[[ Supplied material open ]]

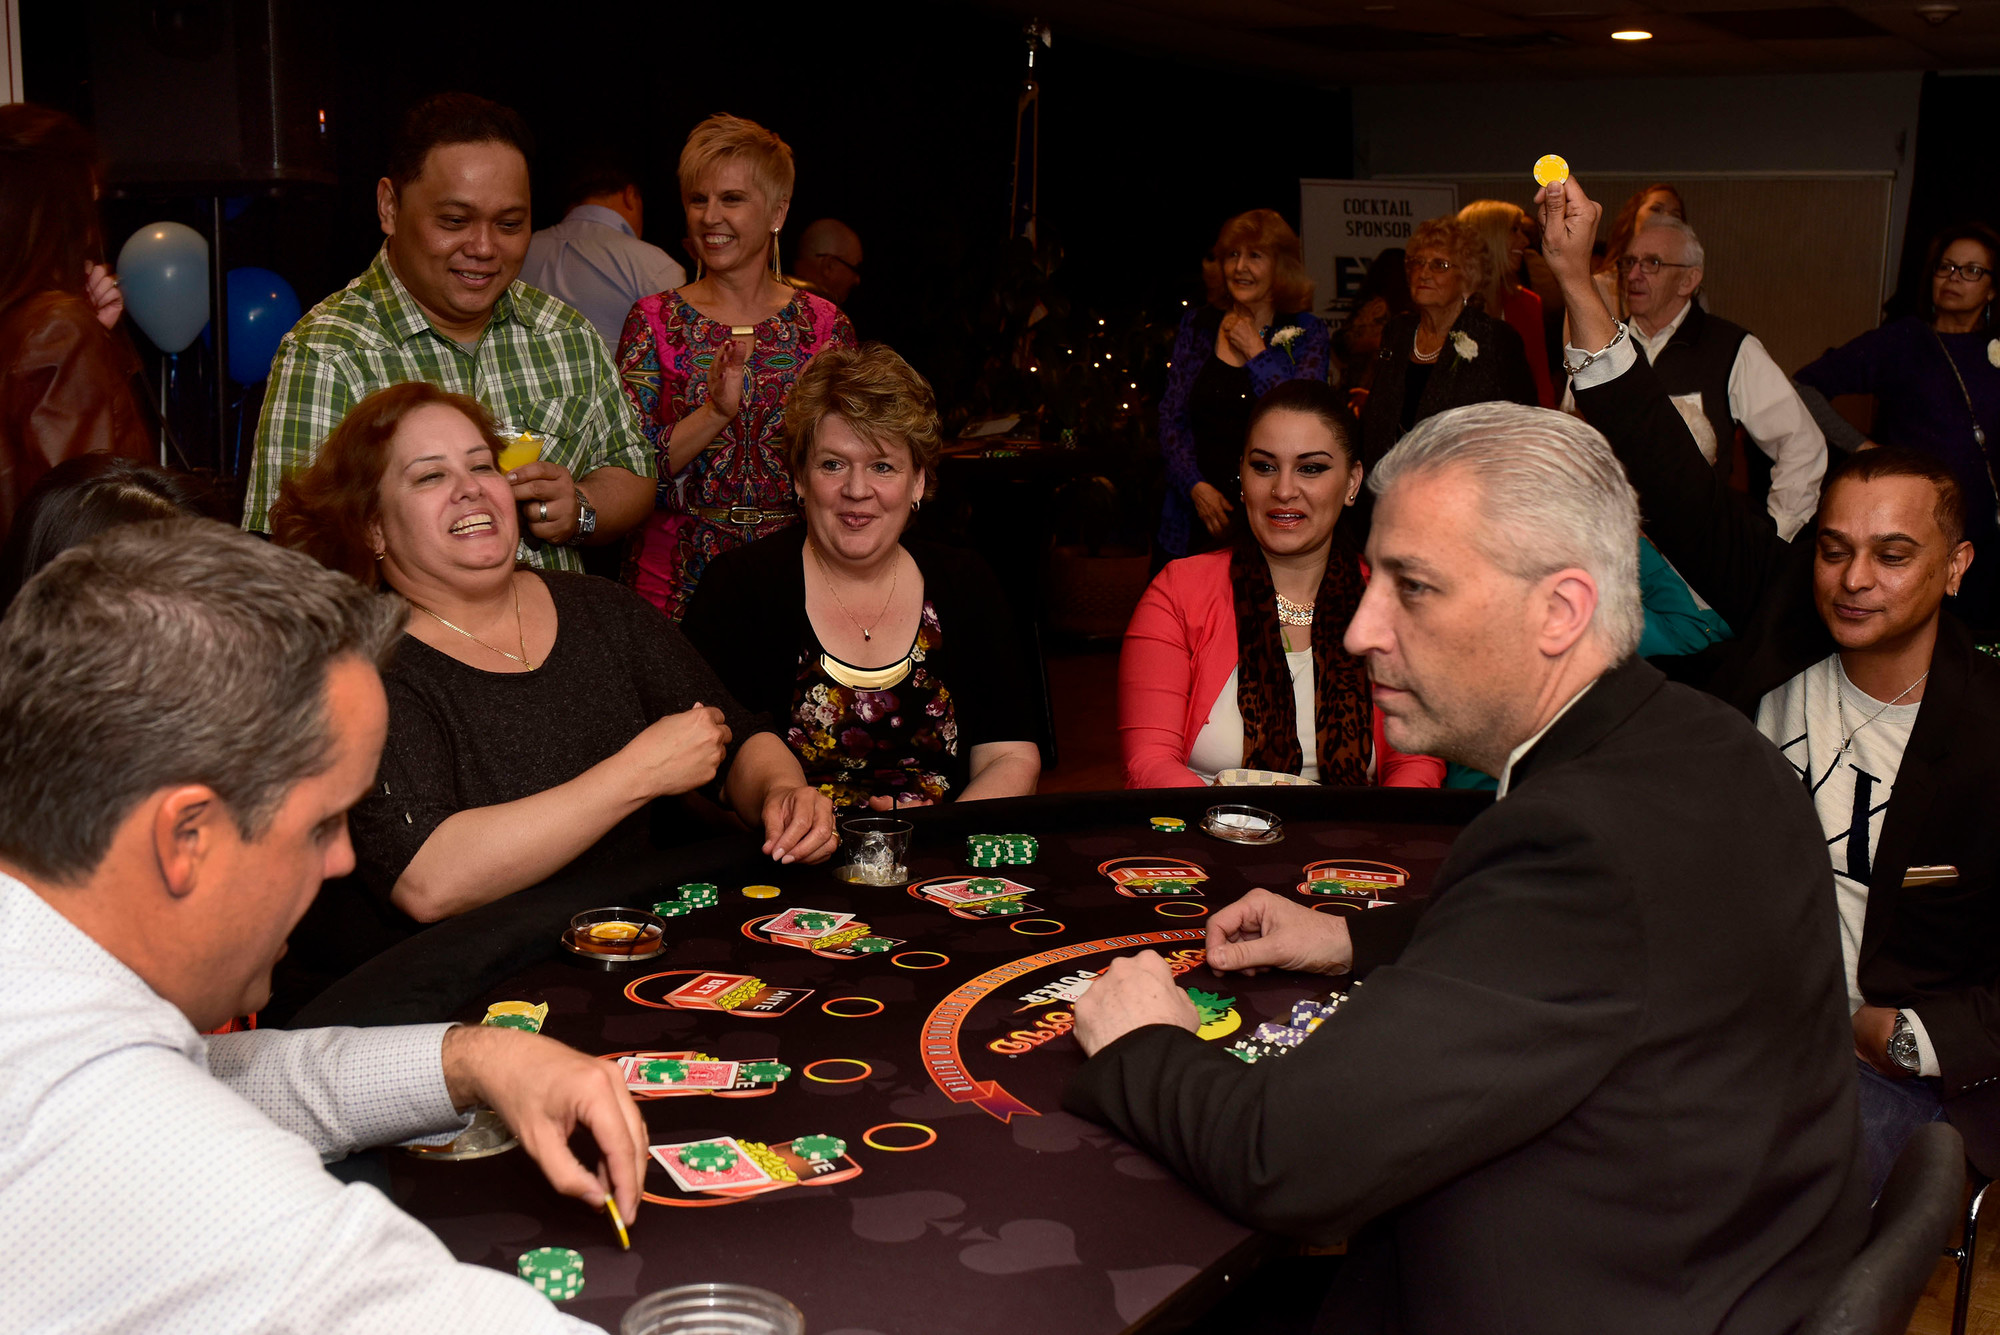 Professional dealers ran casino-style games for guests.
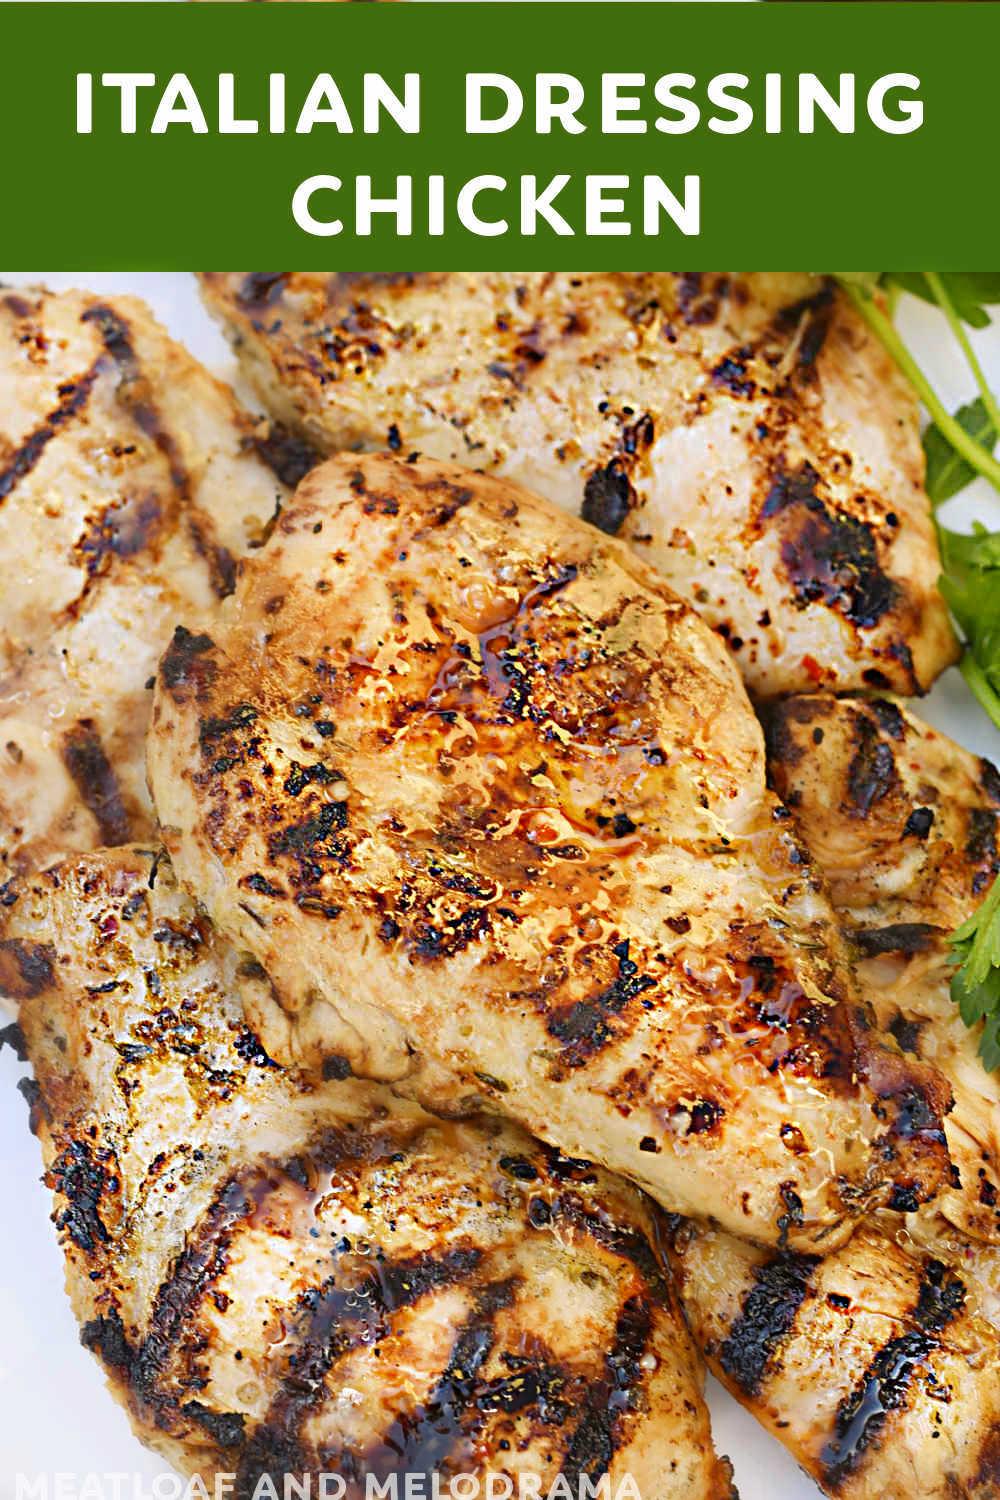 Make Italian Dressing Chicken breasts with 4 ingredients. Marinate and grill or bake in oven for tender, juicy chicken with this easy recipe via @meamel
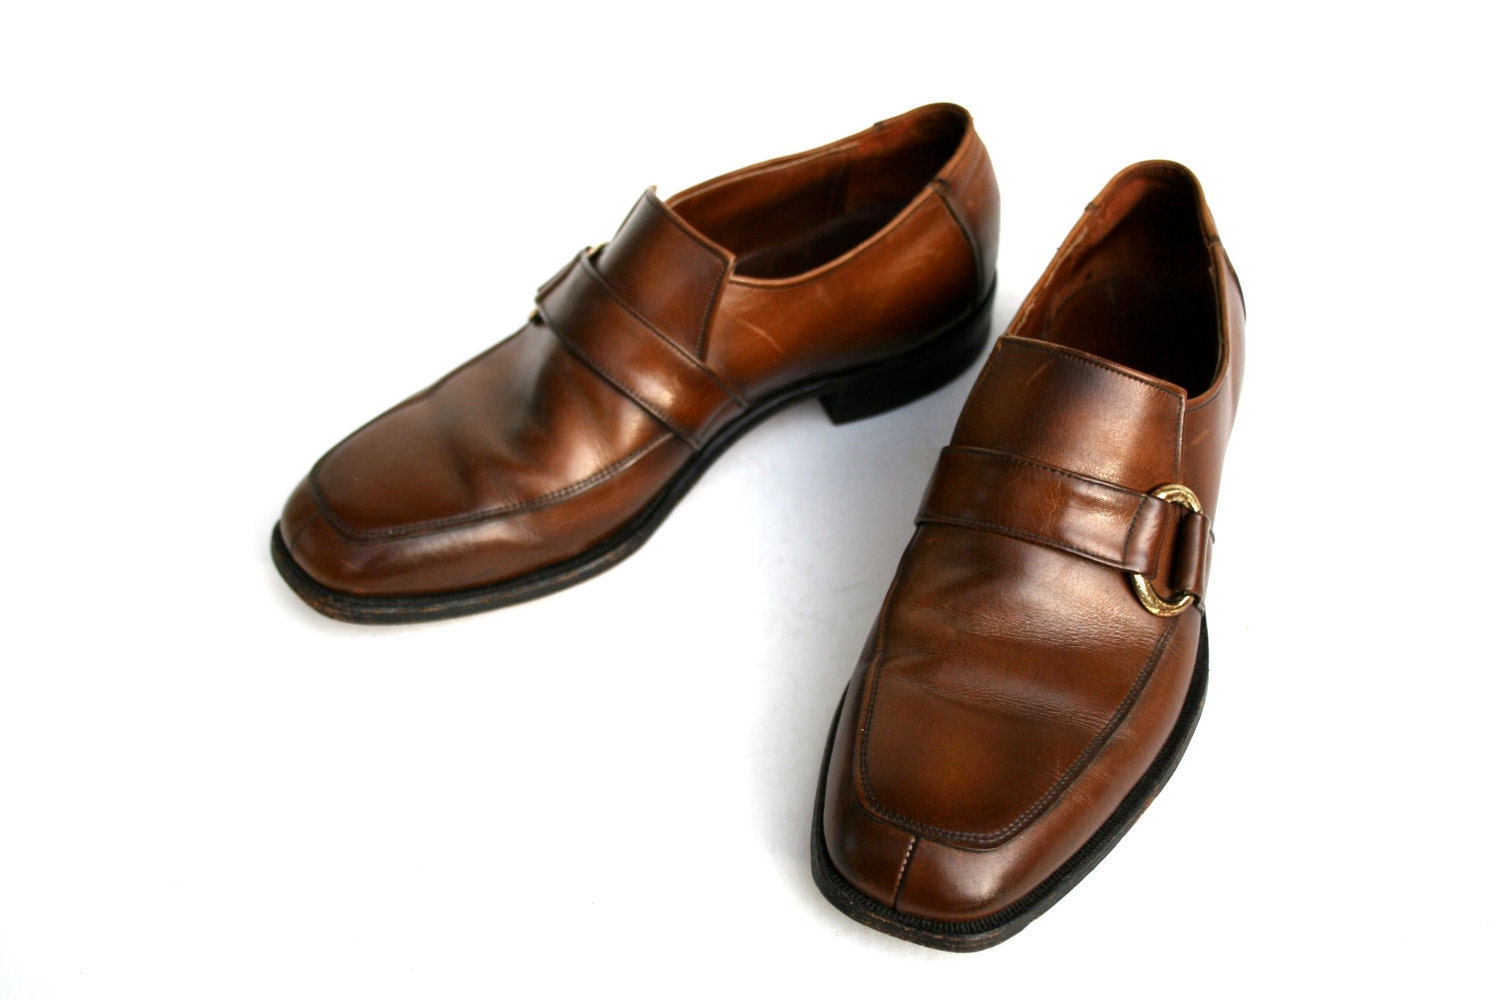 Vintage Mens Shoes Brown Buckle 1970s Mens 8 by xoUda on Etsy
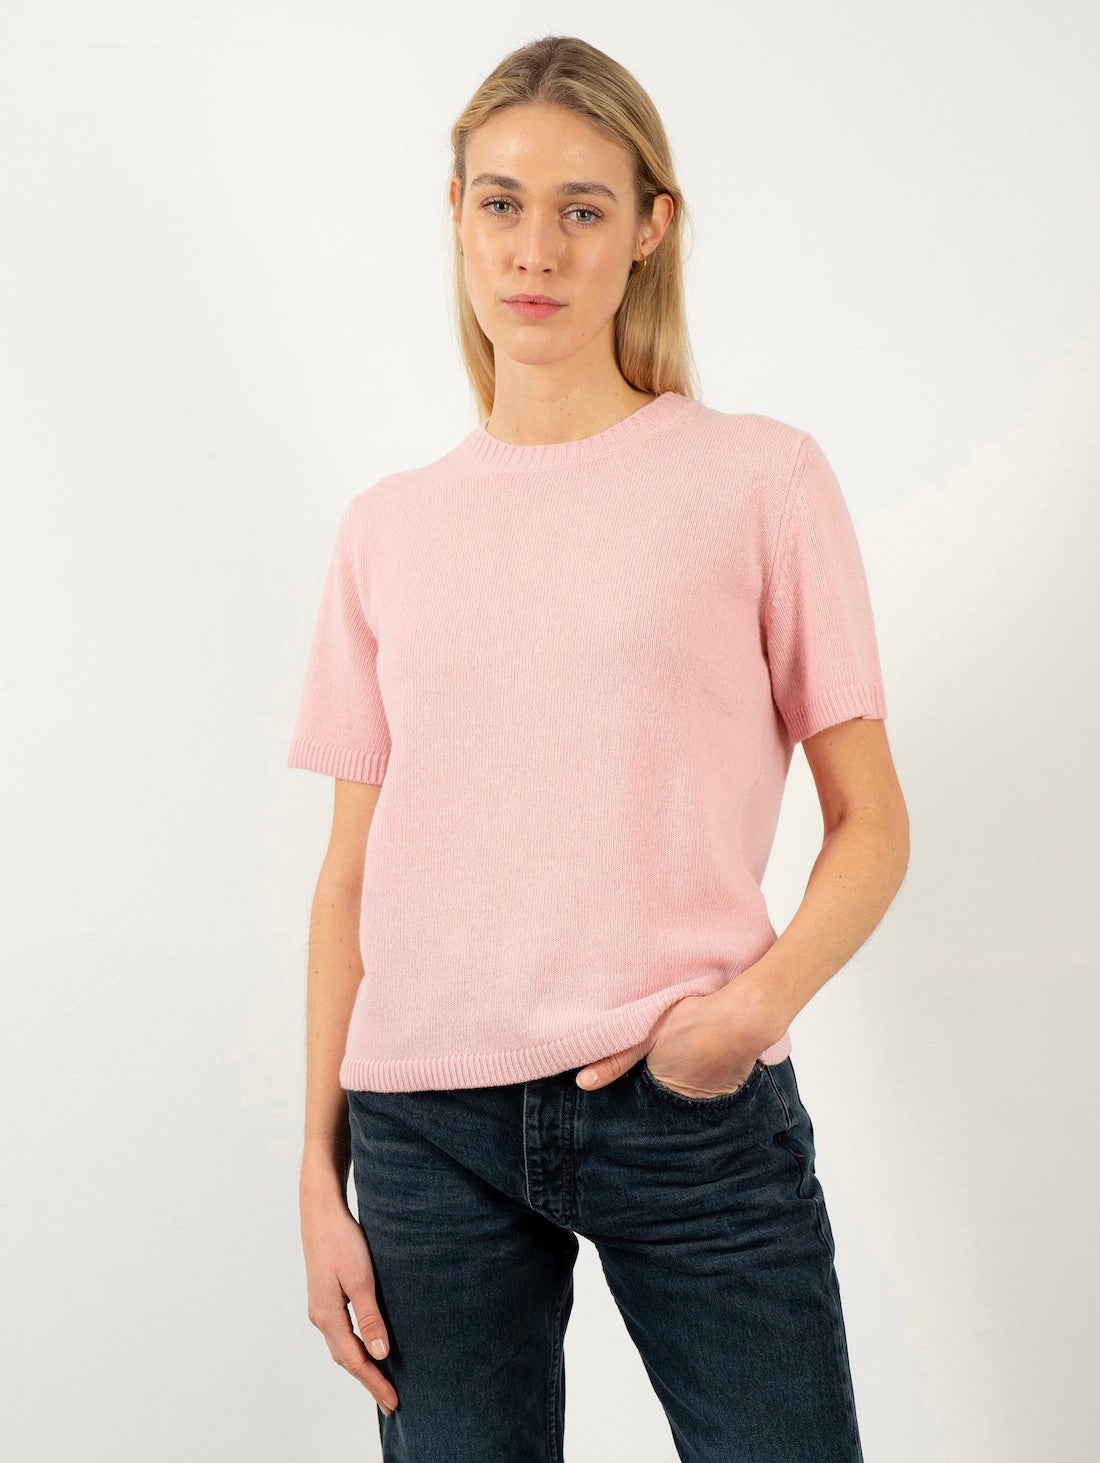 JULES SWEATER IN PINK BLOSSOM

[[ Supplied material closed ]]

■ **What this task involves**: Where the material contains pictures, leave them out and copy the rest verbatim.

■ **Task response**:
 Professional dealers ran casino-style games for guests.
 Make Italian Dressing Chicken breasts with 4 ingredients. Marinate and grill or bake in oven for tender, juicy chicken with this easy recipe via @meamel
 Vintage Mens Shoes Brown Buckle 1970s Mens 8 by xoUda on Etsy
 JULES SWEATER IN PINK BLOSSOM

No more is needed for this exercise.